I see that you have Van Synder's citation of the Les Hatton work on
empirical error rates in real programs. C++ does not look good there.
Fortran 90 helps find some of the call mismatchs that are possible in
Fortran 77 if one uses the newer facilities. The subscript errors
would remain and are a more serious issue.

Fortran 90 has matrix multiply in the language. Why do you then
talk about implementing matrix multiply? Because you choose
to make comparisons against the 1977 standard? Perhaps you should
also use the C++ version from 30 years ago. If you can not then
perhaps that indicates that things do change.

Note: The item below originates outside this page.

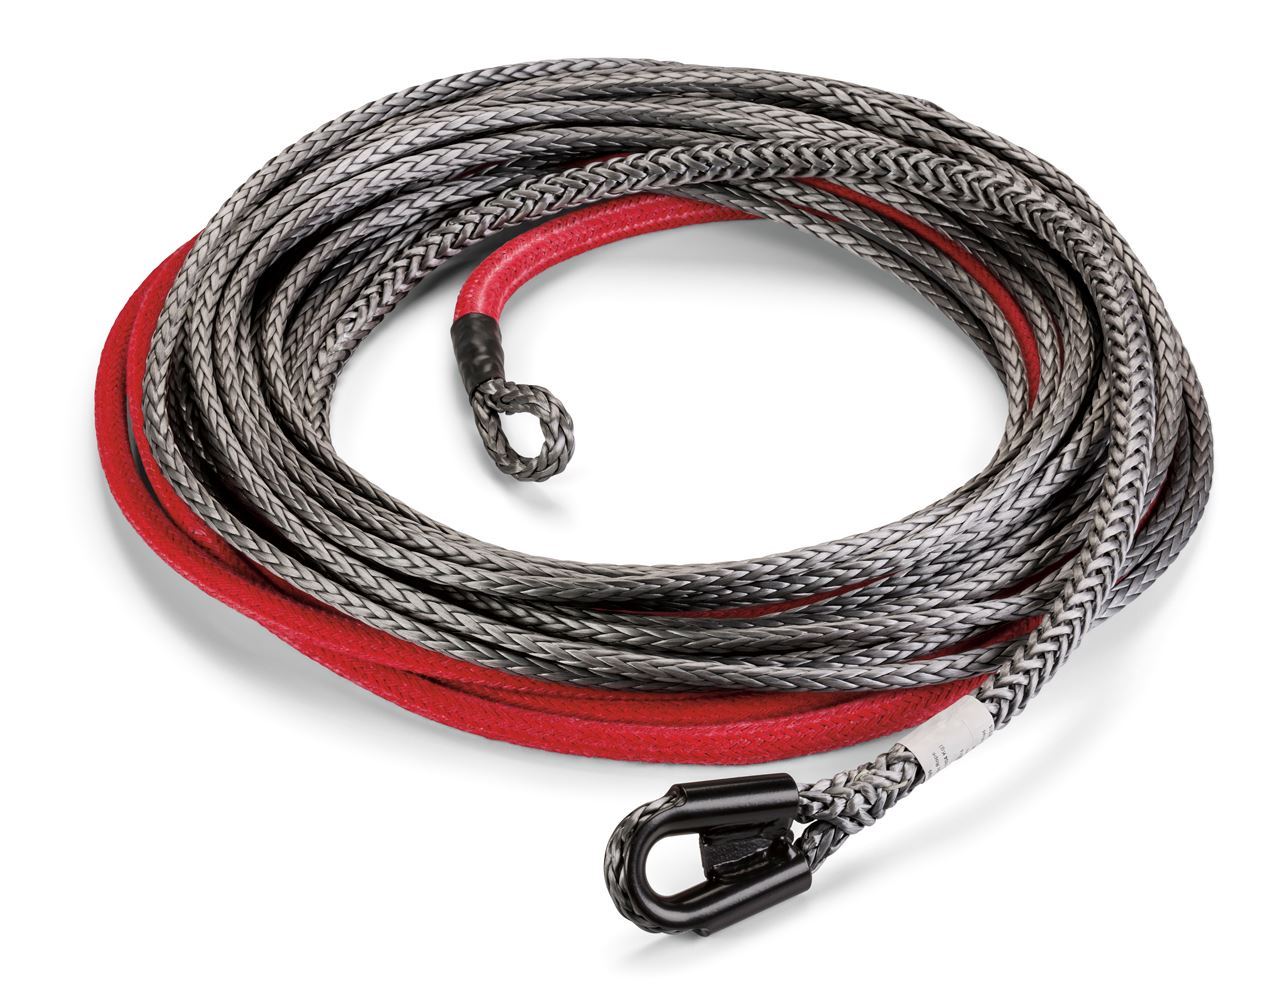 Warn 3/8 in. (9.5mm) X 80 ft. (24.4m) Spydura Pro Cable - Click Image to Close

> but we do have to agree on this. Taste differs.
>
>> When an author goes out of the way to "think old" one wonders how much
>> of the rest of the material has the same attributes.
>
> I would appreciate if you will be more specific here.
>
>> Both a good implementation of an interpreter and of Fortran 90 are free
>> to use the best available subroutine libraries for their purposes. The
>> GNU successor to G77 may or may not have reached the maturity of using
>> a highly optimized run time for matrix multiply.
>
> Is Intel Fortran good? If you want it to, I will compile the code with
> it the next week.

As the saying goes "Old Fortran programmers can write Fortran in any
language" so using a newer compiler for Fortran 77 changes nothing
other than some operating system dependence.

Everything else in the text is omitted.